March 25, 200818 yr Author Well, something interesting pops up in the system log: Mar 24 05:58:25 Tower kernel: hdj: dma_timer_expiry: dma status == 0x40 Mar 24 05:58:25 Tower kernel: hdj: timeout waiting for DMA Mar 24 05:58:25 Tower kernel: PDC202XX: Primary channel reset. Mar 24 05:58:25 Tower kernel: hdj: timeout waiting for DMA Mar 24 05:58:25 Tower kernel: hdj: (__ide_dma_test_irq) called while not waiting Mar 24 05:58:25 Tower kernel: hdj: status error: status=0x58 { DriveReady SeekComplete DataRequest } Mar 24 05:58:25 Tower kernel: Mar 24 05:58:25 Tower kernel: hdj: drive not ready for command Mar 24 05:58:25 Tower kernel: hdj: status timeout: status=0xd0 { Busy } Mar 24 05:58:25 Tower kernel: Mar 24 05:58:25 Tower kernel: PDC202XX: Primary channel reset. Mar 24 05:58:25 Tower kernel: hdj: drive not ready for command Mar 24 05:58:25 Tower kernel: ide4: reset: success Mar 24 06:12:32 Tower smbd[1270]: [2008/03/24 06:12:32, 0] lib/util_sock.c:get_peer_addr(1000) Mar 24 06:12:32 Tower smbd[1270]: getpeername failed. Error was Transport endpoint is not connected Mar 24 06:12:32 Tower smbd[1270]: [2008/03/24 06:12:32, 0] lib/util_sock.c:get_peer_addr(1000) Mar 24 06:12:32 Tower smbd[1270]: getpeername failed. Error was Transport endpoint is not connected Mar 24 06:12:32 Tower smbd[1270]: [2008/03/24 06:12:32, 0] lib/util_sock.c:write_socket_data(430) Mar 24 06:12:32 Tower smbd[1270]: write_socket_data: write failure. Error = Connection reset by peer Mar 24 06:12:32 Tower smbd[1270]: [2008/03/24 06:12:32, 0] lib/util_sock.c:write_socket(455) Mar 24 06:12:32 Tower smbd[1270]: write_socket: Error writing 4 bytes to socket 21: ERRNO = Connection reset by peer Mar 24 06:12:32 Tower smbd[1270]: [2008/03/24 06:12:32, 0] lib/util_sock.c:send_smb(647) Mar 24 06:12:32 Tower smbd[1270]: Error writing 4 bytes to client. -1. (Connection reset by peer) And yes, hard drive j is the new hard drive that was installed....

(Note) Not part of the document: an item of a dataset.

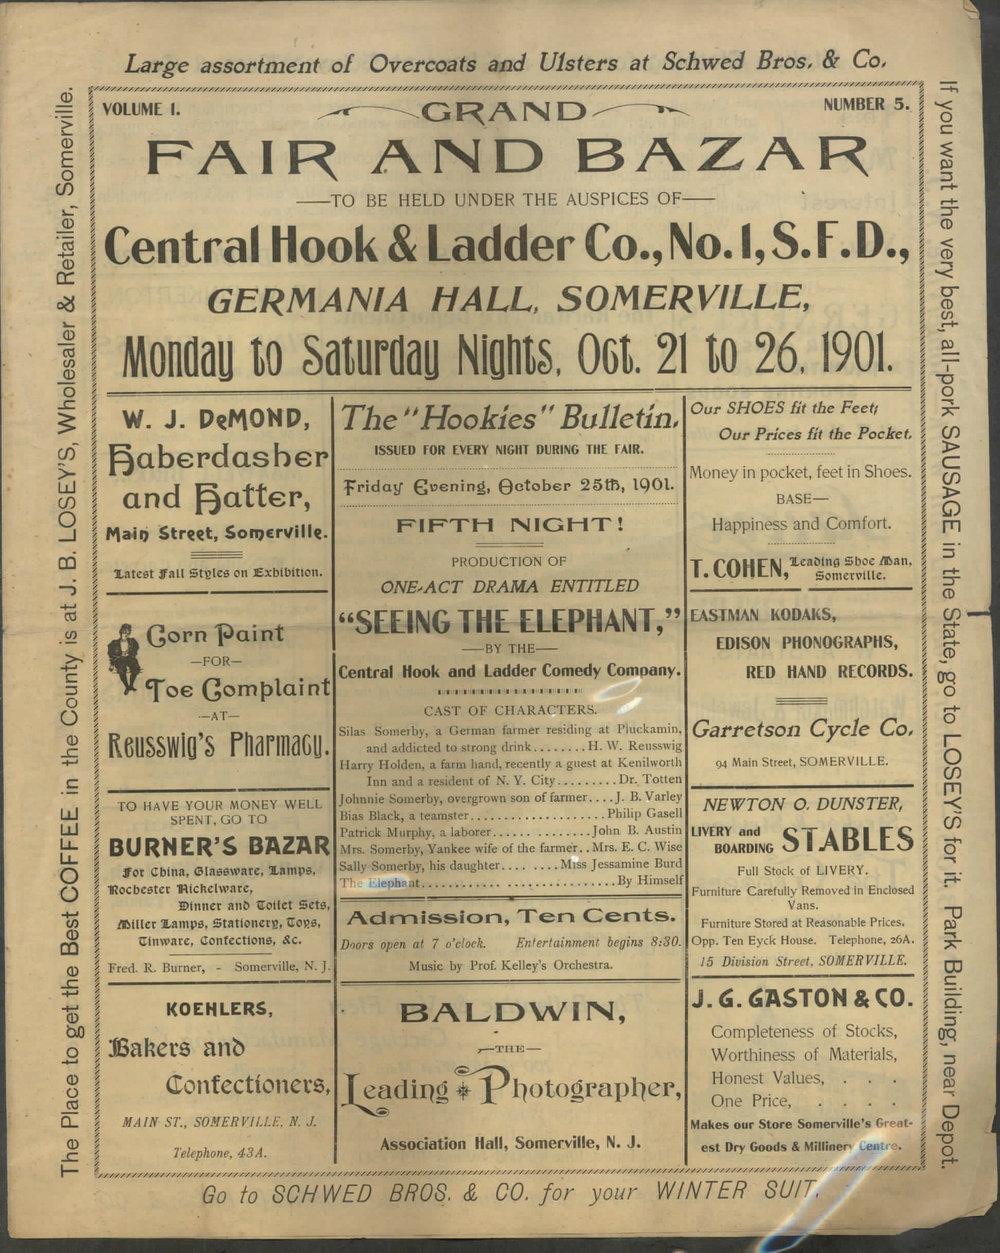 Fair & Bazar.ad_Page_1_Image_0001.jpg
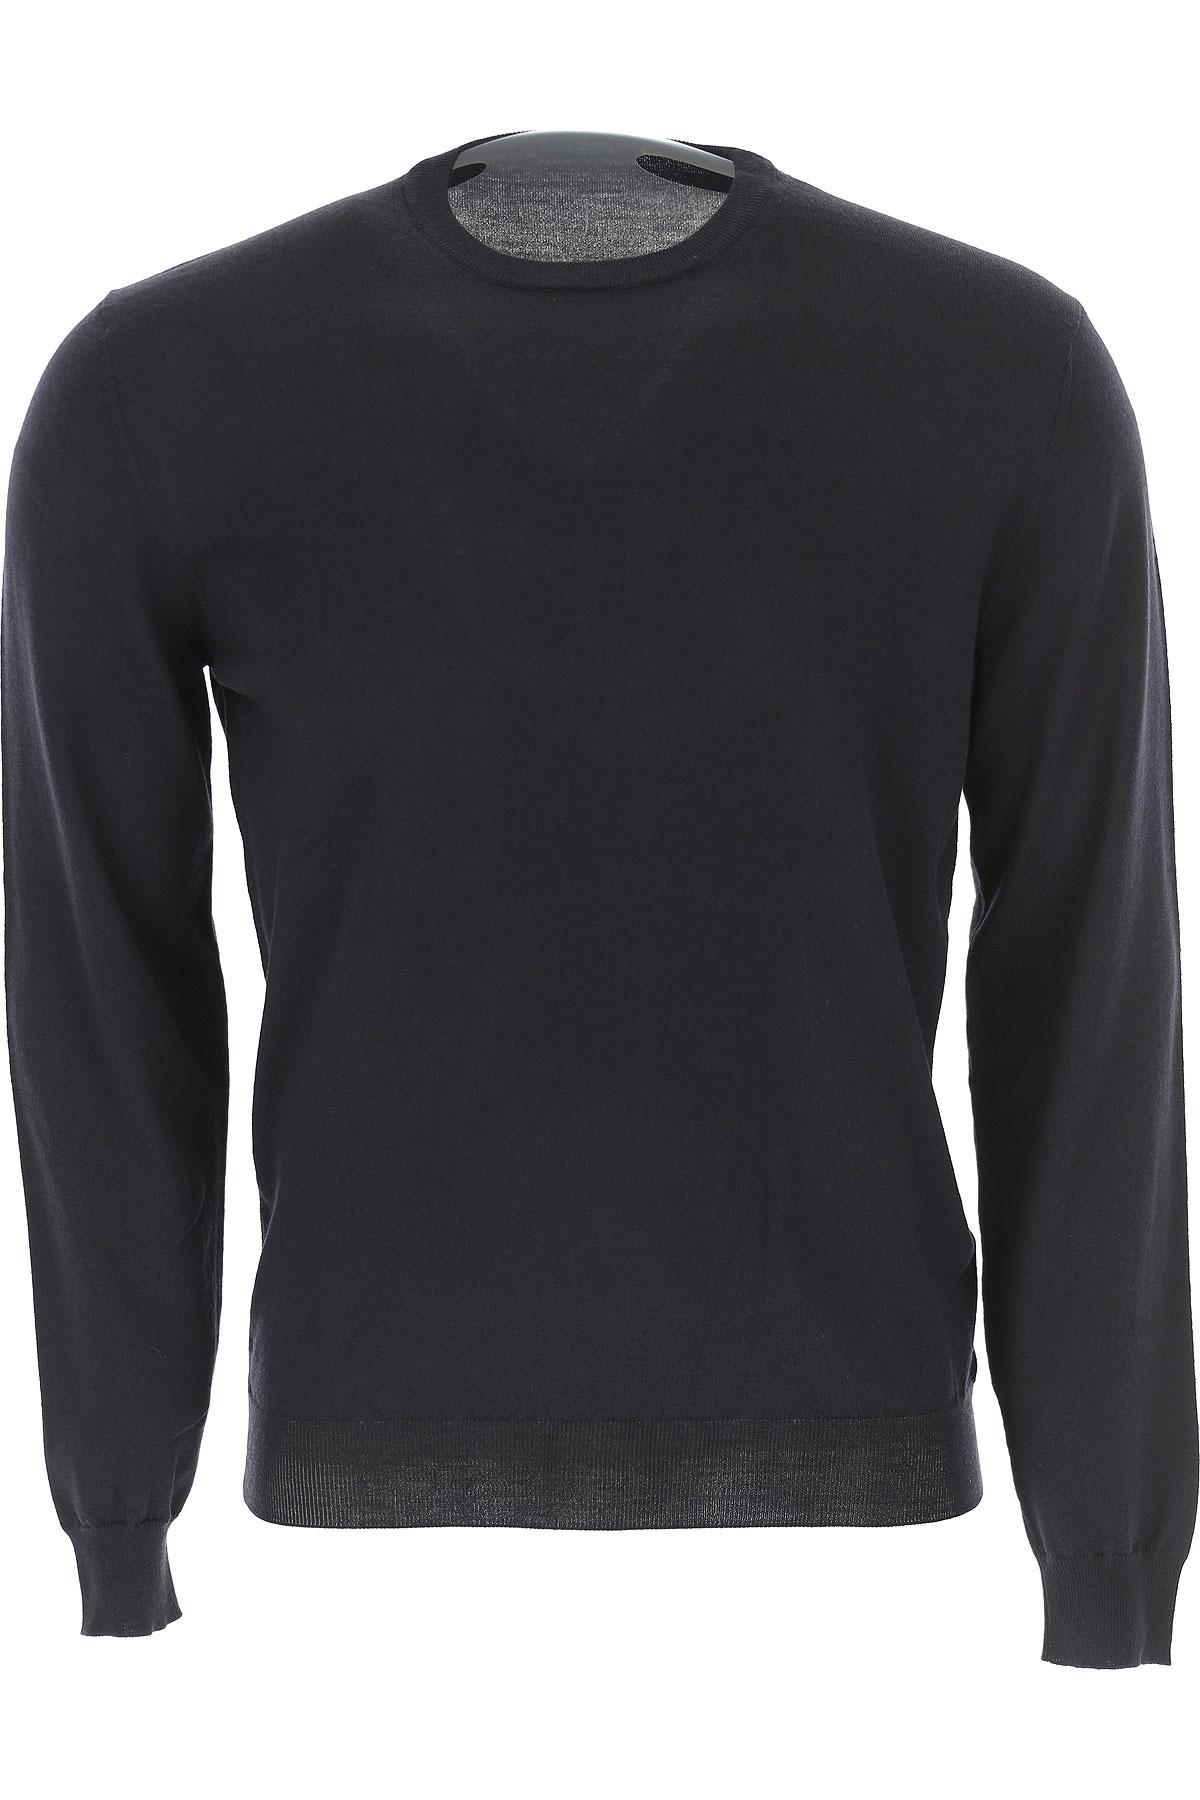 Image of Zanone Sweater for Men Jumper, Black, Wool, 2017, L M XL XXL XXXL

March 25, 200818 yr Author Well, there is definitely something slowing down the new drive, check these two speed tests, the new drive being the first: /dev/hdj: Timing cached reads: 2524 MB in 2.00 seconds = 1262.00 MB/sec Timing buffered disk reads: 8 MB in 3.58 seconds = 2.23 MB/sec root@Tower:~# hdparm -tT /dev/hda /dev/hda: Timing cached reads: 2356 MB in 2.00 seconds = 1178.00 MB/sec Timing buffered disk reads: 204 MB in 3.01 seconds = 67.77 MB/sec
March 25, 200818 yr Since the problem seems to me to be either the hard drive, the cable, or the Promise card, I would pull the drive and install it in another computer and test it. If it proves to be fine, then try another cable, and if no improvement, then you are left with a defective card. Perhaps it is just a bad IDE connector. Whatever the problem, it is probably dropping you into a PIO mode, although it is not evident above. In the syslog, search for 'limiting speed to' or 'configured for PIO' messages.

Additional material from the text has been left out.